No hay equivalencia entre la voz del Presidente y la de un profesional o un ciudadano común. Personalizar la crítica desde “el celular de Rivadavia”, y hacerlo con agresividad y beligerancia, puede bordear, si es que directamente no lo alcanza, el abuso de poder. Exacerba, además, la reacción desmesurada de seguidores, militantes y fanáticos, como ya ocurrió en los tiempos oscuros en los que el kirchnerismo arremetió desde el Estado contra medios y periodistas. Aquellos penosos antecedentes obligan a levantar la guardia antes de que se transgredan límites de los que después es muy difícil regresar. “Las palabras –escribió Freud– no son objetos decorativos: producen realidad”.

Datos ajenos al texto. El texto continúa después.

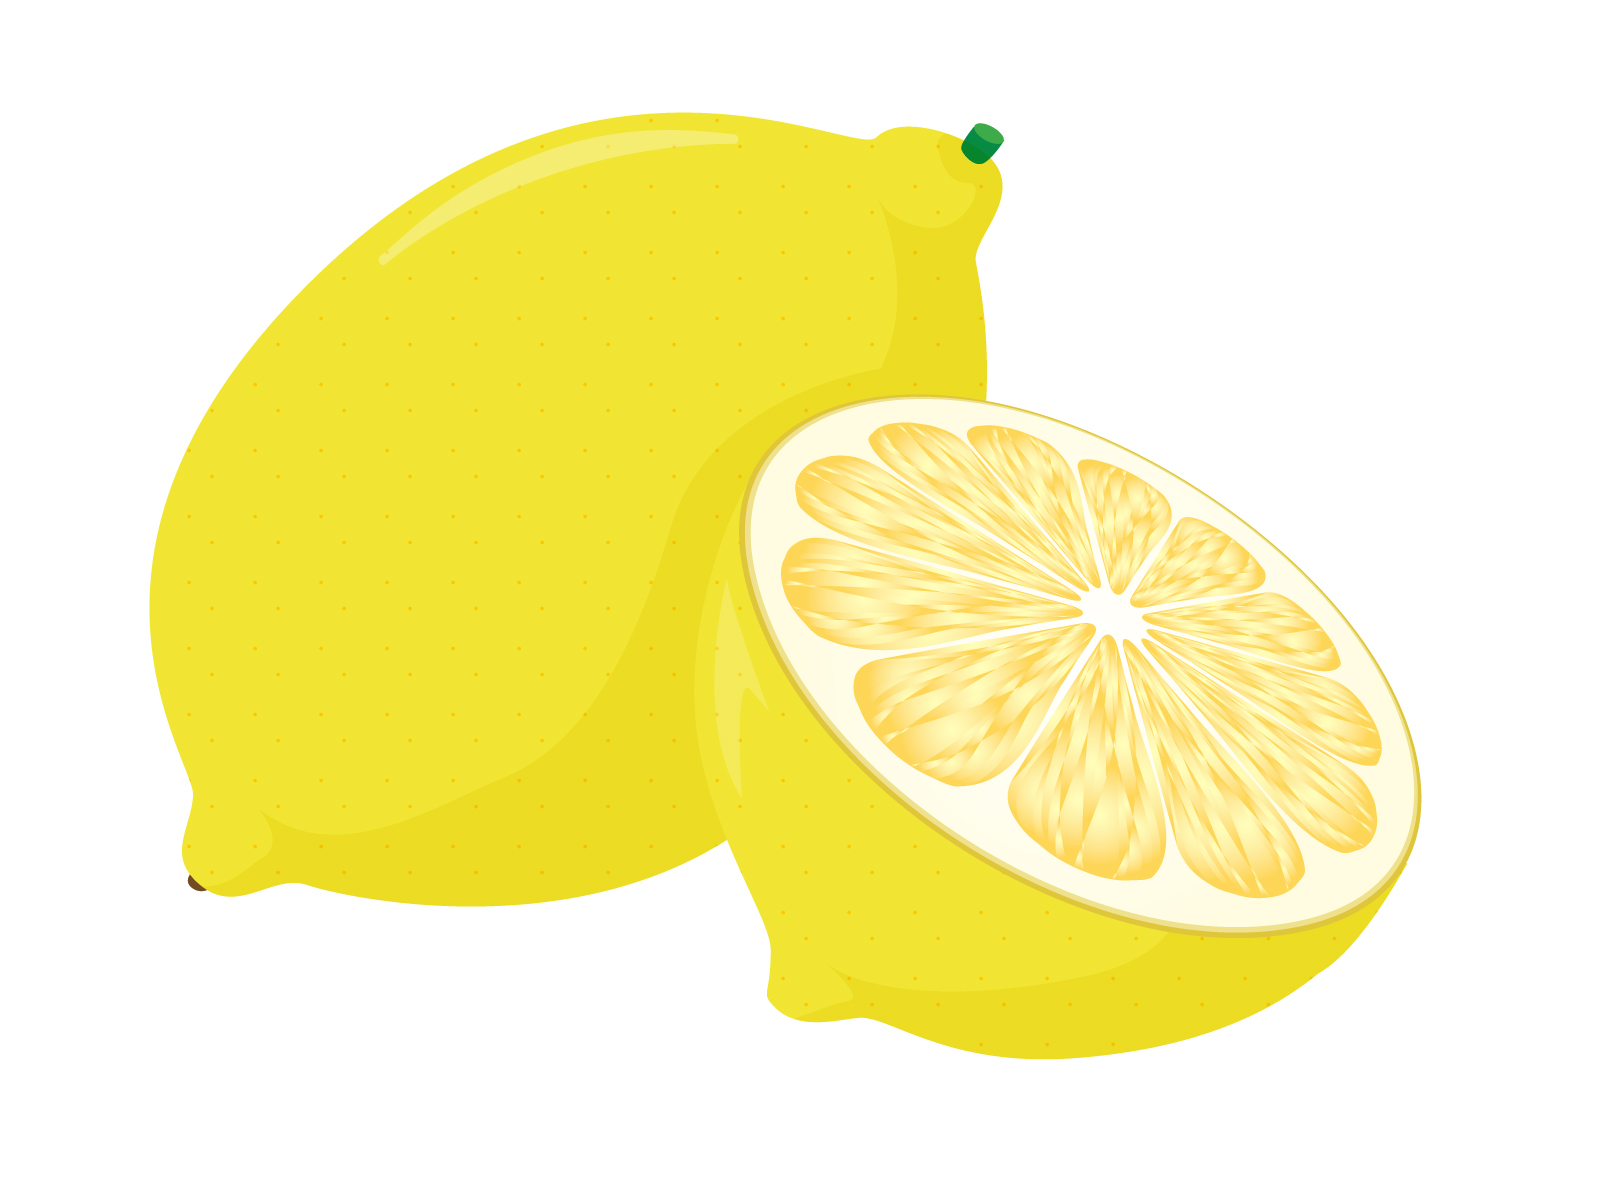 レモン白湯でおなか改善!作り方と飲むタイミング

Si el Presidente señala con el dedo a un simple periodista y lo acusa de “operador” y “mentiroso”, habilita tácitamente a un “ejército” de seguidores a que lo acorralen con sus teléfonos en esa gigantesca “plaza de ejecuciones sumarias” en la que se han convertido las redes sociales.

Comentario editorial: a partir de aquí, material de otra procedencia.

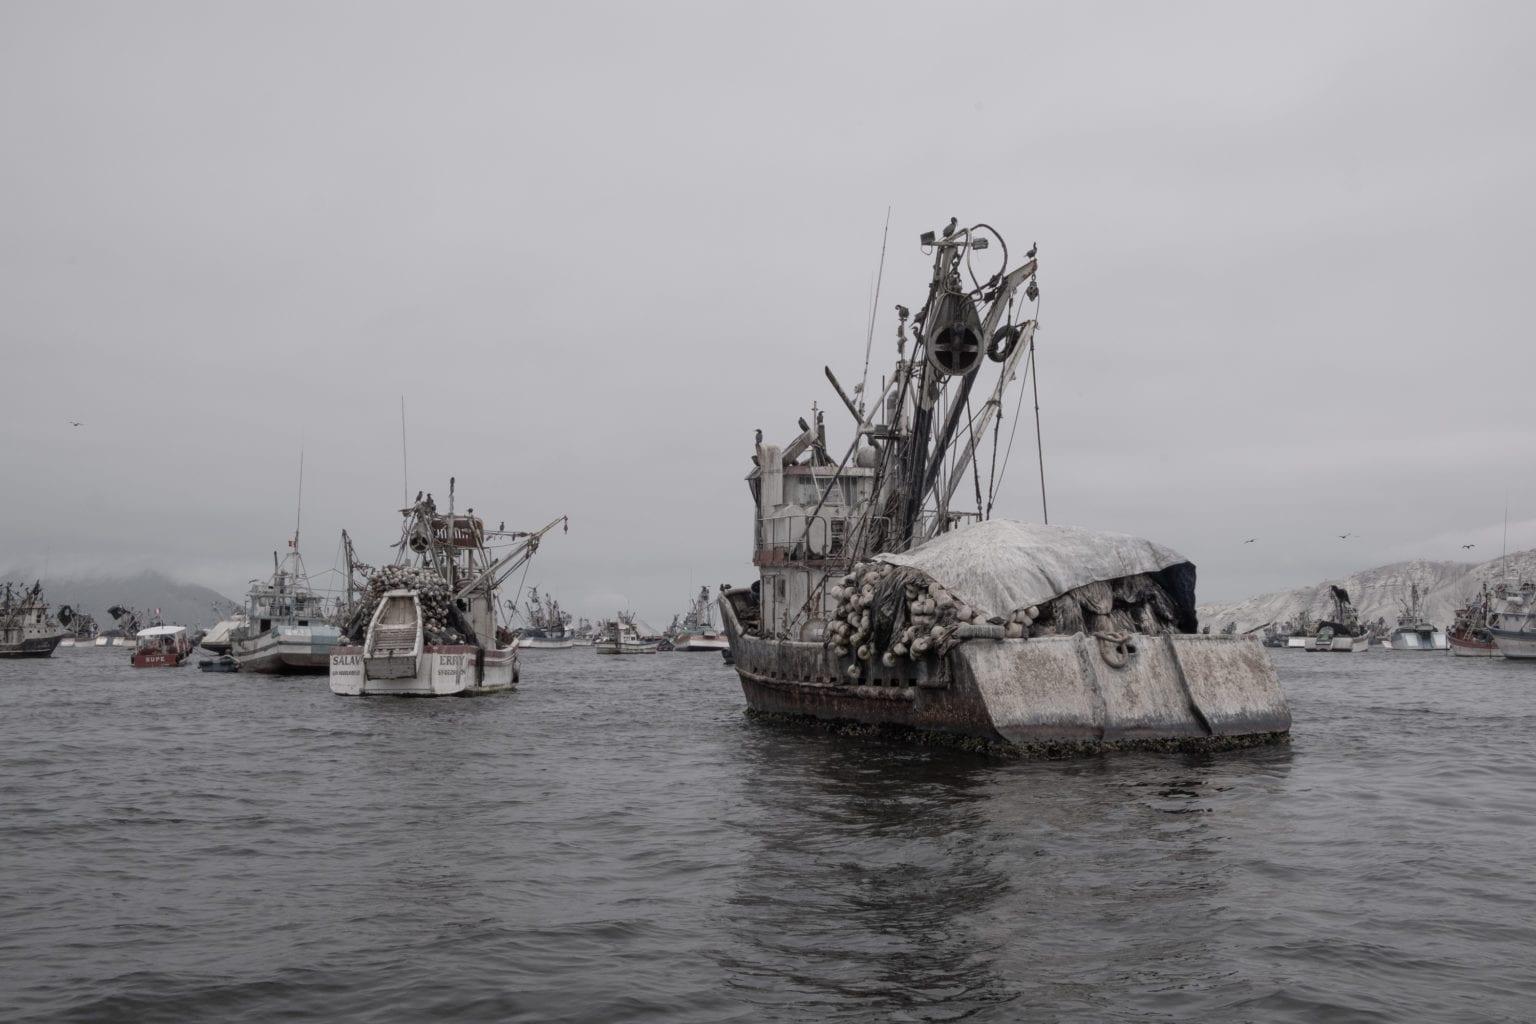 Danmark køber fiskeolie fra byen Chimbote i Peru, hvor disse skibe ligger. Alle fabrikkerne, Danmark køber fra er certificerede af MarinTrust, men det er slet ikke nok, lyder det fra kritikerne. Foto: Florence Goupil

Una tentación suele acechar al poder: la de adueñarse de la verdad. En pocas semanas, el Gobierno merodeó ese peligro. El vocero del Presidente llegó a decir, quizá con una frase mal articulada, que “todo lo que no salga de mi boca y no sea real es mentira”. Cuando “la verdad” coquetea con la uniformidad y el monopolio, tal vez deba apelarse a una nueva sigla para describir la realidad: LLR (La Libertad Retrocede).
Además de estas aristas peligrosas, hay algo que también es inquietante: las acusaciones presidenciales parecen responder a una visión conspirativa. Desde esa perspectiva, el error no existe. Todo está calculado; todo es deliberado y forma parte, según la jerga oficial, de “una operación”. El que discrepa, o aun el que se equivoca, es un emisario de la oscuridad y de “las fuerzas del mal”. Cuando la trama conspirativa es tejida desde el poder se puede entrar en una zona peligrosa en la que la lógica de “amigo-enemigo” empieza a dominar la mentalidad de un gobierno. Nada que los argentinos no hayamos visto en los últimos años, solo que con un sesgo ideológico de sentido inverso.

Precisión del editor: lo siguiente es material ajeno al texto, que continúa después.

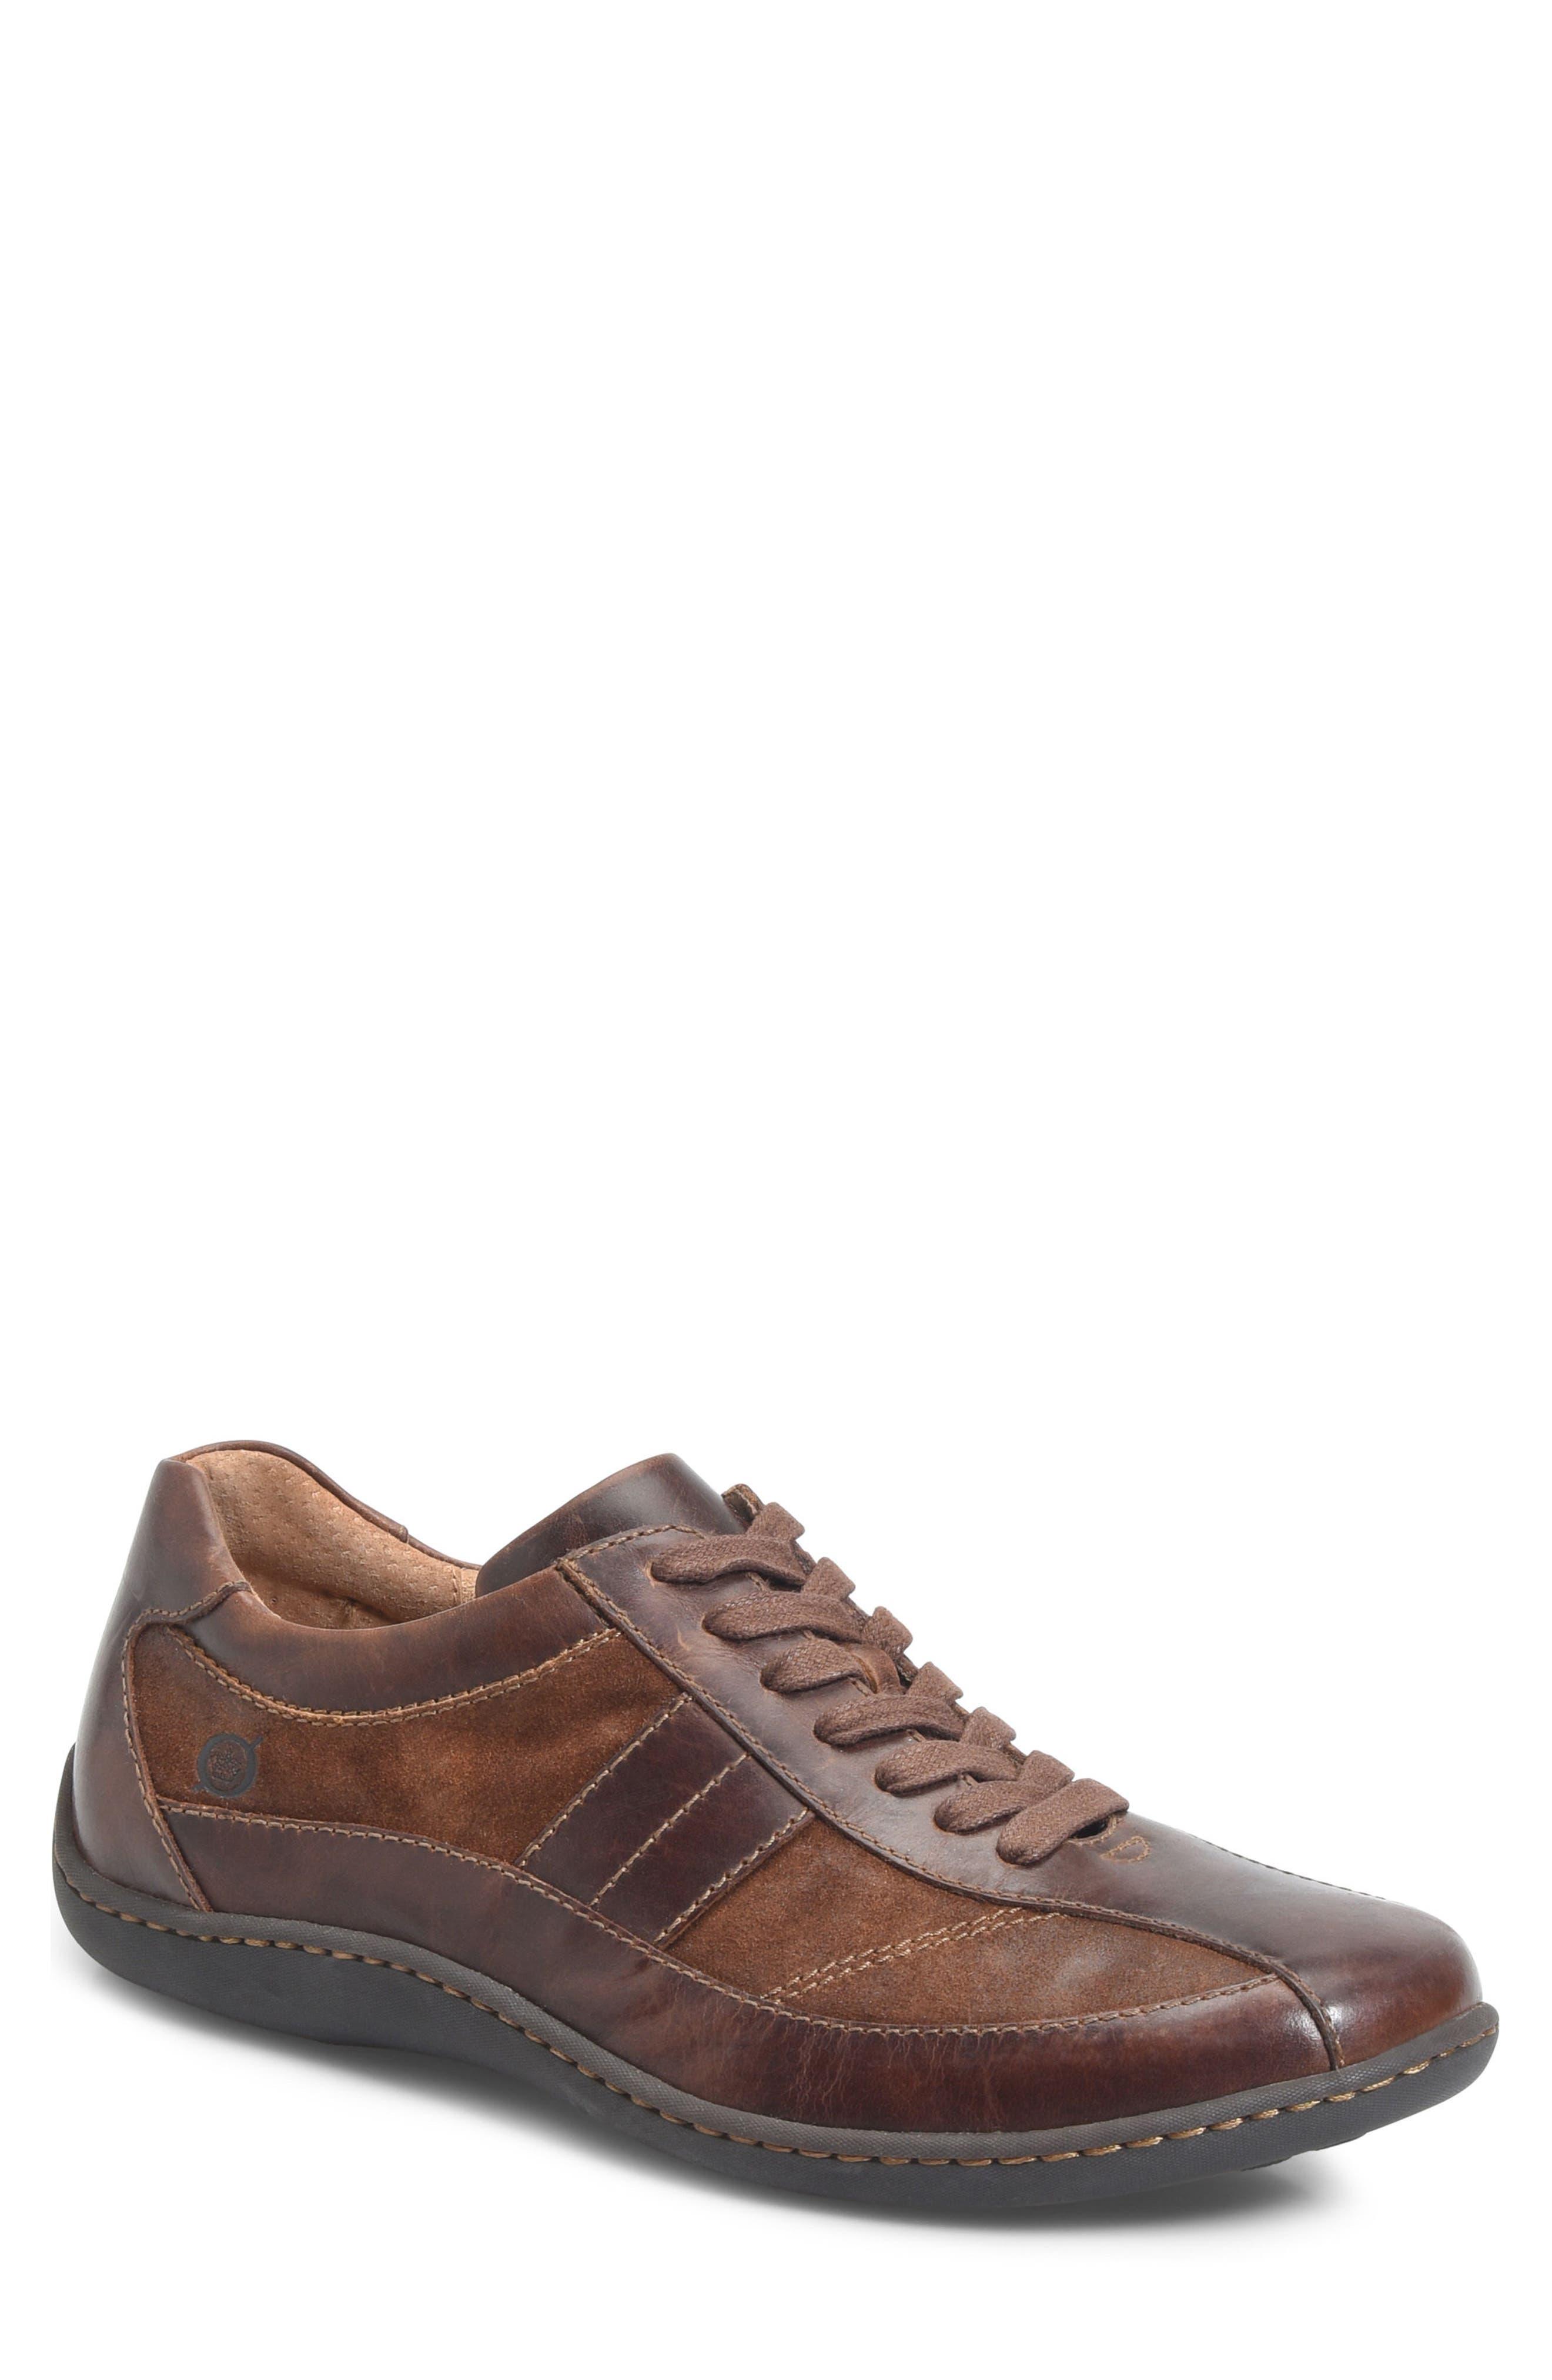 Alternate Image 1 Selected - Børn Breves Low Top Sneaker (Men)

Los populismos, en general, necesitan al periodismo como enemigo. El que no hace seguidismo es “ensobrado”, “operador” y “mitómano”. El que se equivoca, aunque se rectifique, es un ariete de fuerzas oscuras. El kirchnerismo hizo de esa estrategia una bandera. Y con la misma lógica actuaron, en los últimos años, líderes como Trump, Maduro o Bolsonaro. Cuanto más se ensañan con un medio o un individuo, más regocijan a sus audiencias. Construir un enemigo les resulta políticamente rentable. Y a esa tarea se lanzan sin medir las consecuencias.
Existe la idea de que “lo importante” pasa por otro lado: por encarrilar la economía y sanear el Estado después de un proceso destructivo que dejó al país en una situación dramática. Pero no es la economía versus el pluralismo ni la estabilidad versus la tolerancia. Es una cosa “y” la otra. La Argentina necesita recuperar sus reservas monetarias, por supuesto, pero también sus reservas de calidad democrática, que fueron erosionadas al mismo ritmo que el valor del peso.
El Gobierno lleva apenas seis semanas y ninguna conclusión puede ser definitiva. Hay situaciones en las que ha mostrado flexibilidad y sensibilidad para rectificar errores. Habrá que esperar que el celular presidencial haga su propio aprendizaje. Lo que está en juego es algo de jerarquía superior: el clima de convivencia en una sociedad democrática.
Publicado en La Nación el 25 de enero de 2024.